Instructions to follow.
From the first line to the last, give the material again exactly, without the images.

The data.

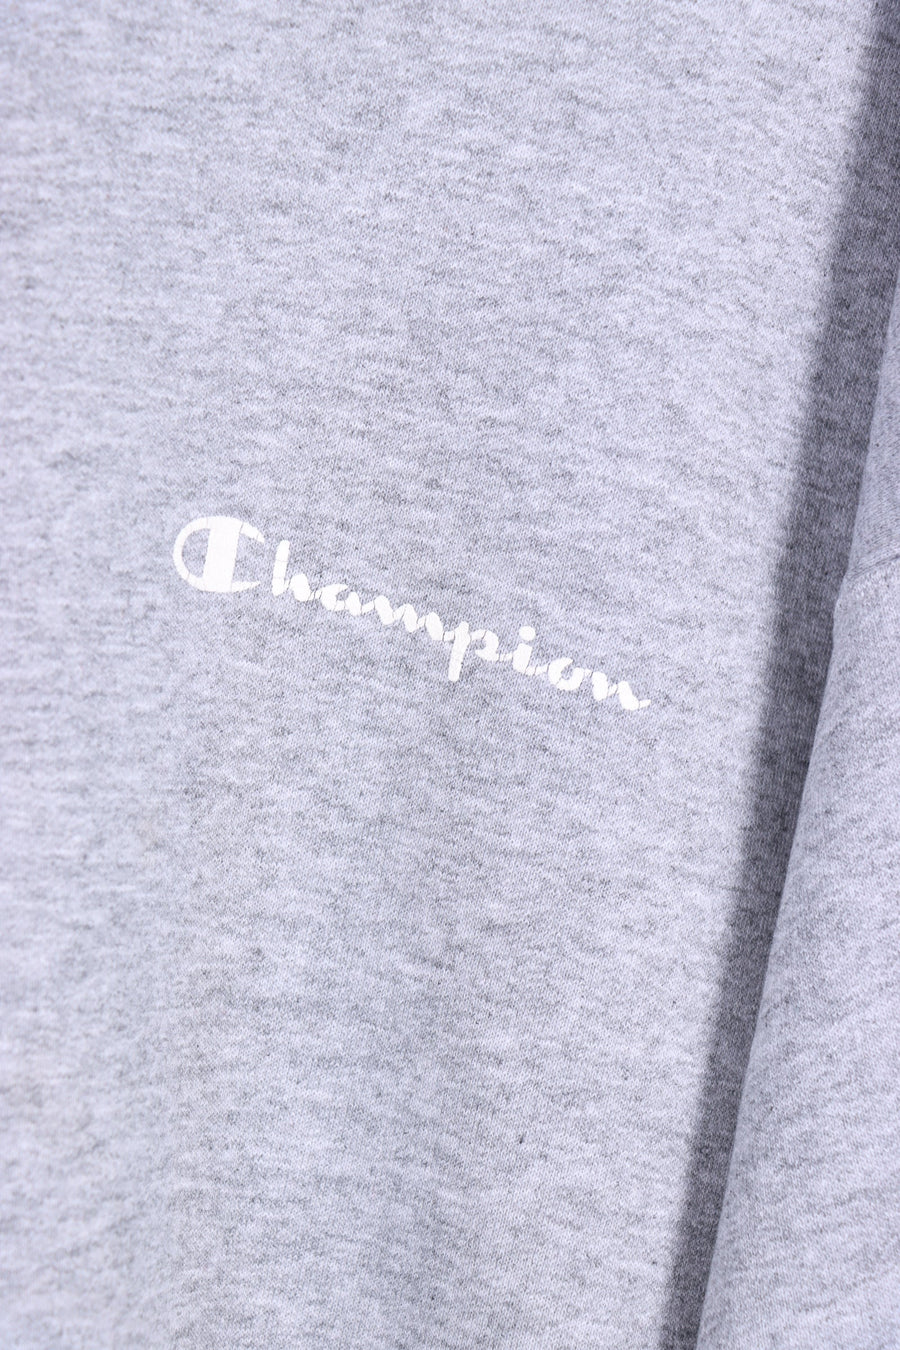 CHAMPION Spell Out Logo Grey Sweatshirt (XL)
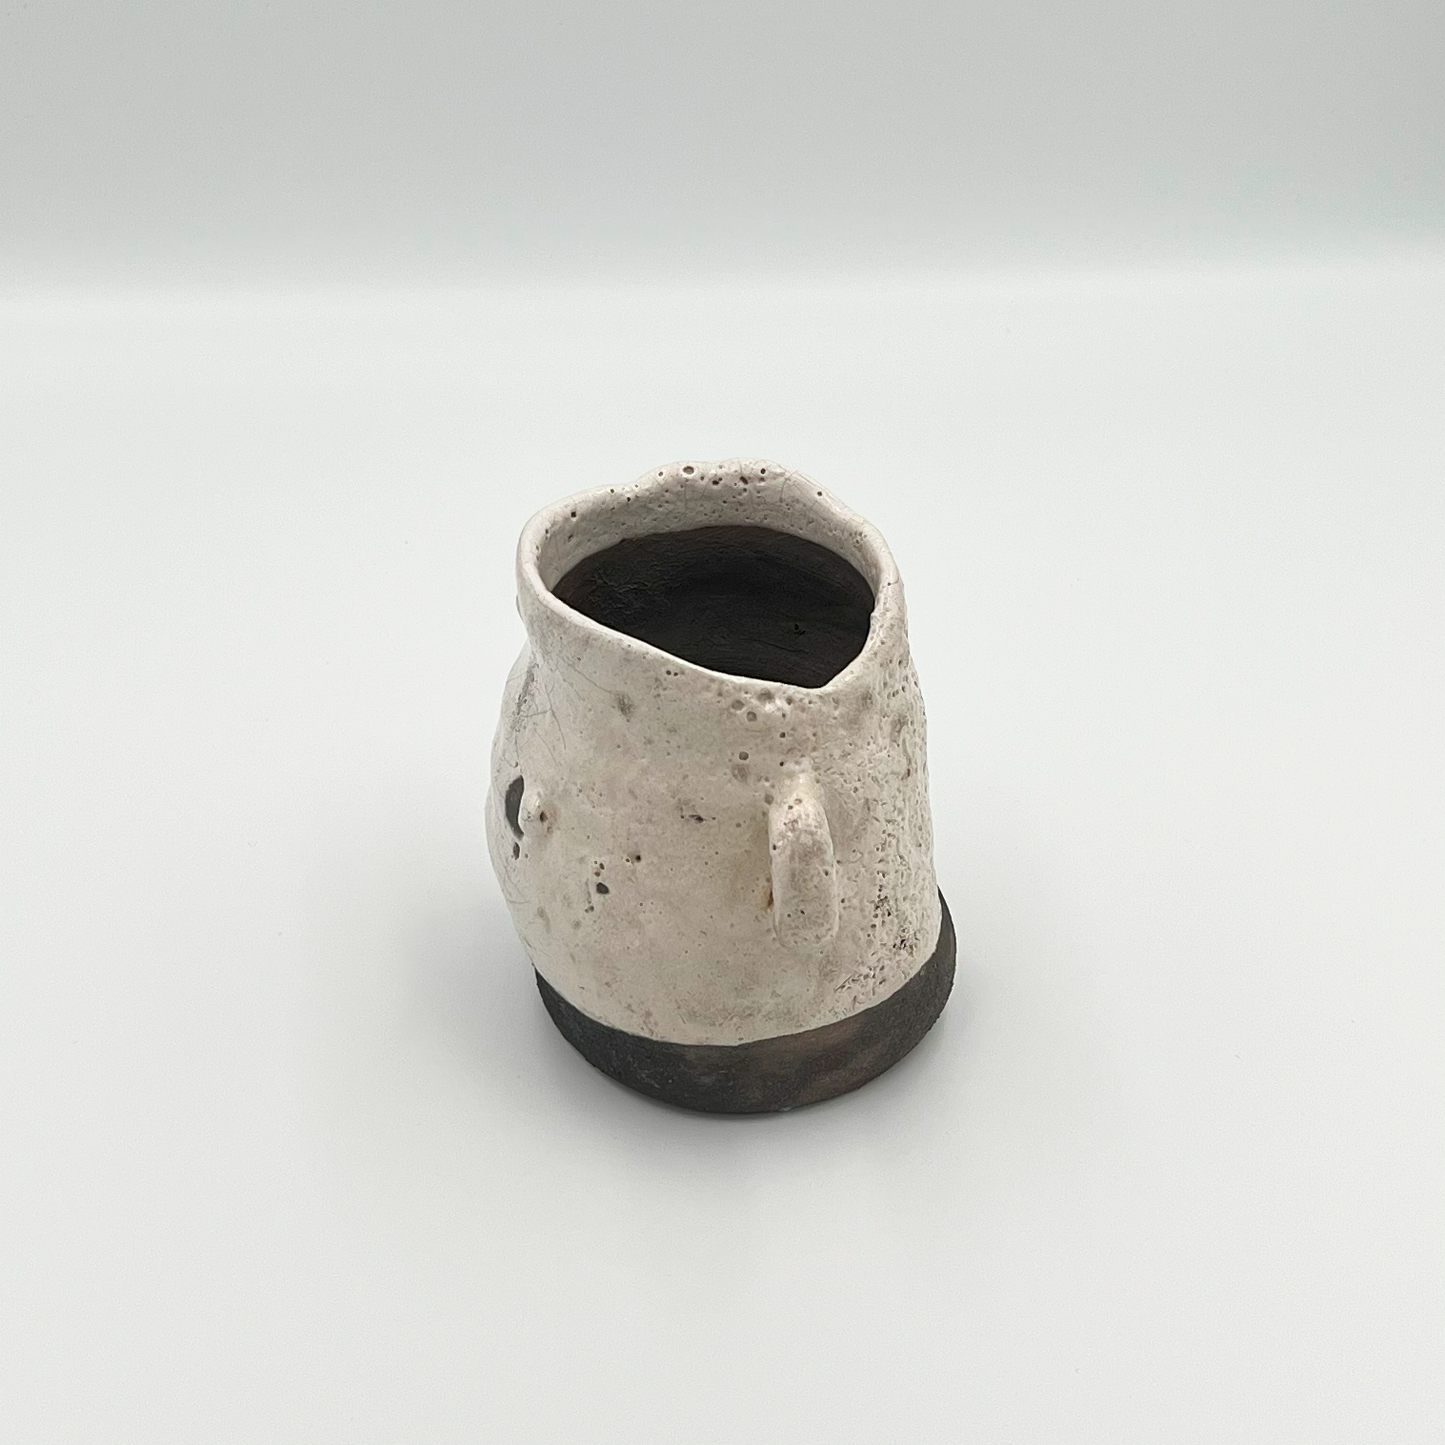 Ear-handled small vase
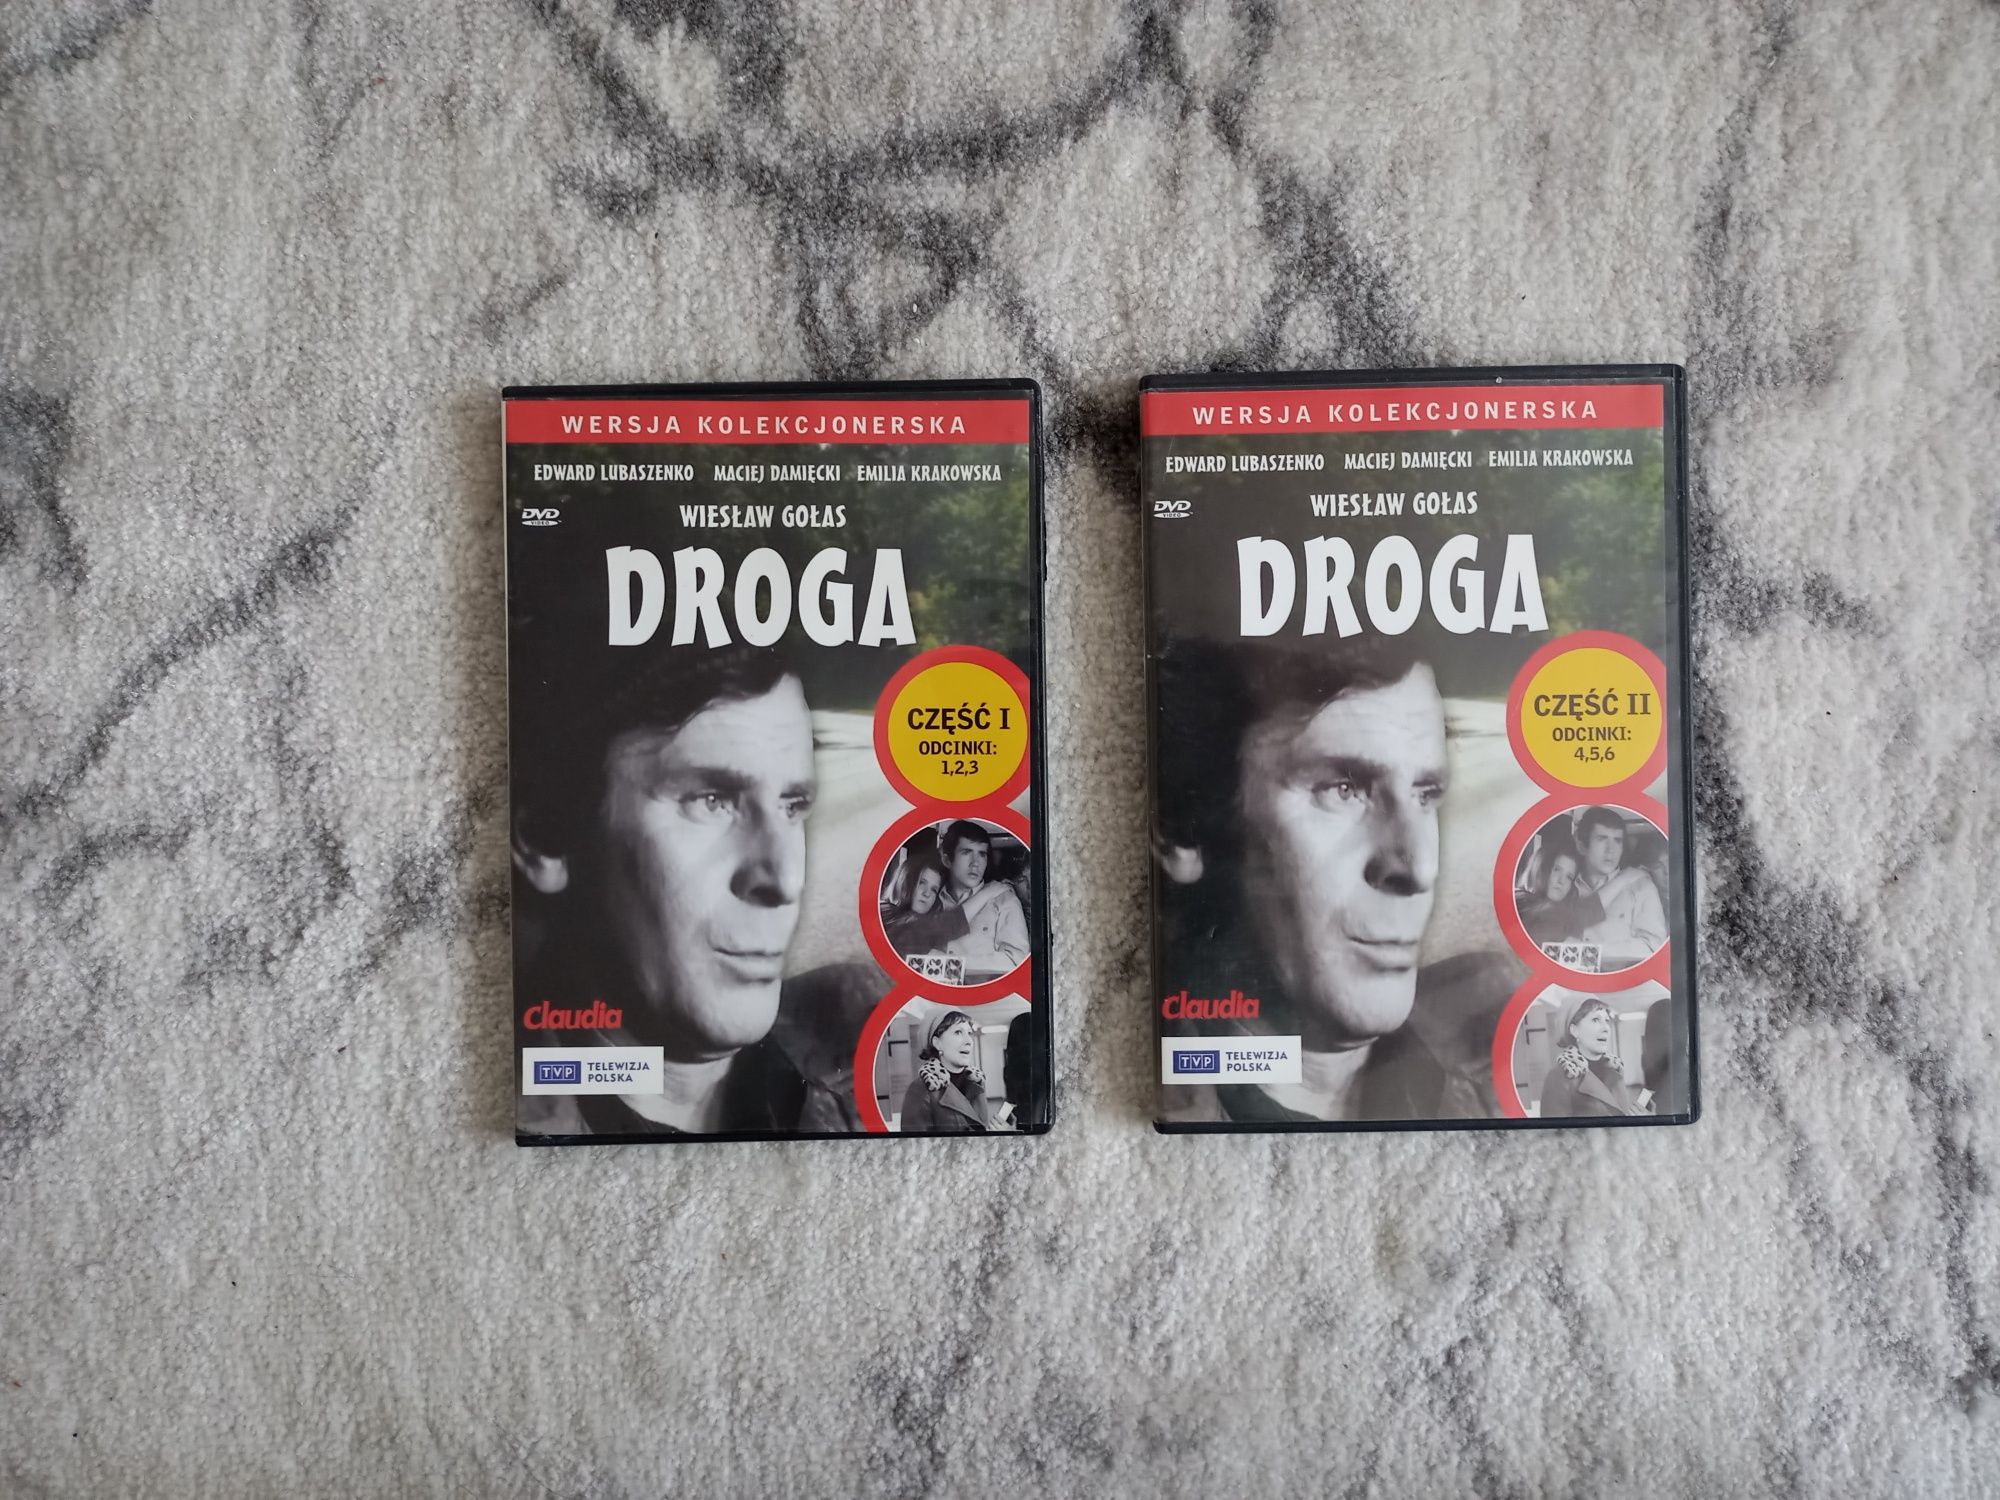 Droga - polski film, komplet 2 płyt na dvd. Jarocin • OLX.pl

Answer to this exercise.
 CHAMPION Spell Out Logo Grey Sweatshirt (XL)
 Ear-handled small vase
 Droga - polski film, komplet 2 płyt na dvd. Jarocin • OLX.pl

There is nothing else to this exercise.